Bonito: mais do que um sentimento feliz

Como cristãos, sabemos que a fofura não surgiu para aumentar nossa sobrevivência como raça humana. Nosso Deus é o Criador e Sustentador de Suas criaturas – não processos naturais aleatórios.

Se Deus fez a criação para ser uma ilustração física de Seus atributos invisíveis, então parte de Seu propósito maior era criar variados graus de traços de personalidade em humanos e animais. Esses traços apontam para um Ser perfeito que possui todos eles e muito mais. Ao reconhecer os reflexos de Seus atributos na criação, nosso olhar é redirecionado para a Sua perfeição, para que possamos dar a Ele toda a glória, honra e louvor.

A pesquisa sugere que o Senhor também tinha um propósito maior para a fofura. Ele a colocou em animais e humanos para estimular as emoções humanas de amor, cuidado e proteção. Ele também deu aos animais, especialmente mamíferos, muitos outros traços em comum com os humanos. Essa similaridade e fofura facilitam nossos relacionamentos com a criação que Deus quer que cuidemos, enquanto exercemos nosso mandato de domínio.

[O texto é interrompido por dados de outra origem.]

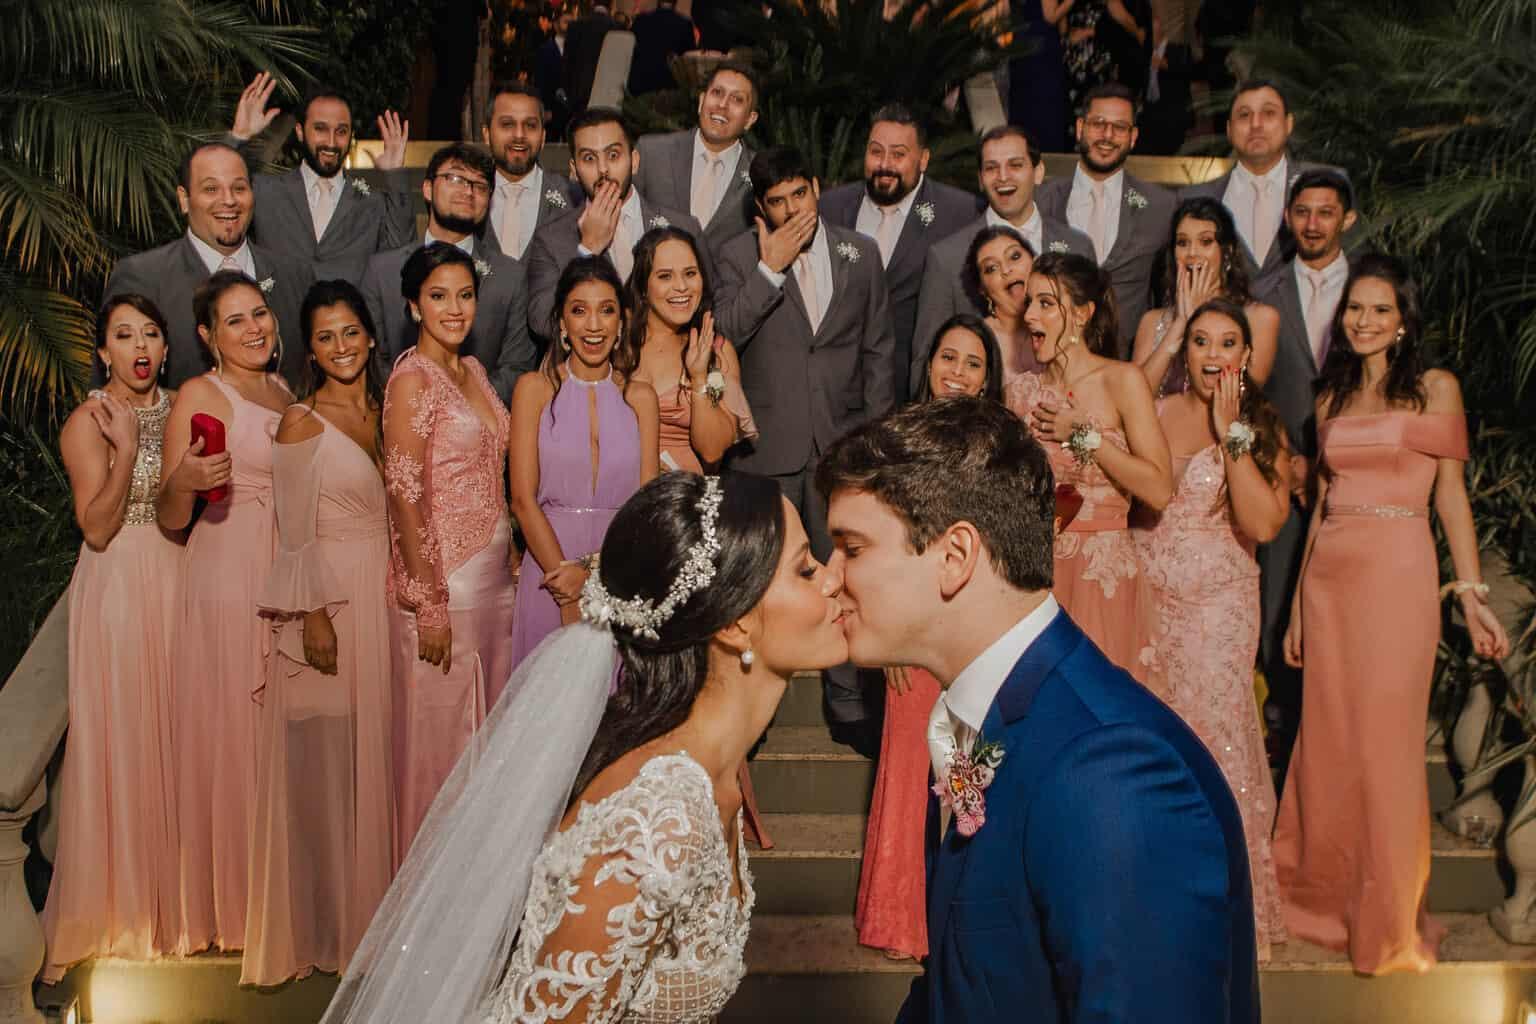 casamento-Beatriz-e-Joao-Fernando-Itaipava-Locanda-Della-Mimosa-padrinhos-Thienny-Tammis184

Este cuidado dos animais assume muitas formas. Isso nos leva a cuidar de nossos animais de estimação e animais em nossa propriedade. Também motiva muitos de nós com um objetivo mais amplo, para promover esforços de conservação em todo o planeta, à medida que administramos os recursos da Terra e protegemos os animais à beira da extinção. Outros até fazem uma carreira de treinamento de animais como veículos de cura emocional e espiritual e companheirismo para outros seres humanos.

Devemos reconhecer que essas atividades são apenas pequenas lembranças da maior tarefa de todas. O Criador quer que experimentemos a graça e o perdão de Jesus, nosso Senhor, o Filho de Deus e o Criador do mundo, quando entramos em um relacionamento com Ele. Ele tem um propósito para nós realizarmos, “porque somos obra das Suas mãos, criados em Cristo Jesus para fazer boas obras, as quais Deus preparou antecipadamente para nós fazermos” (Efésios 2:10, NVI).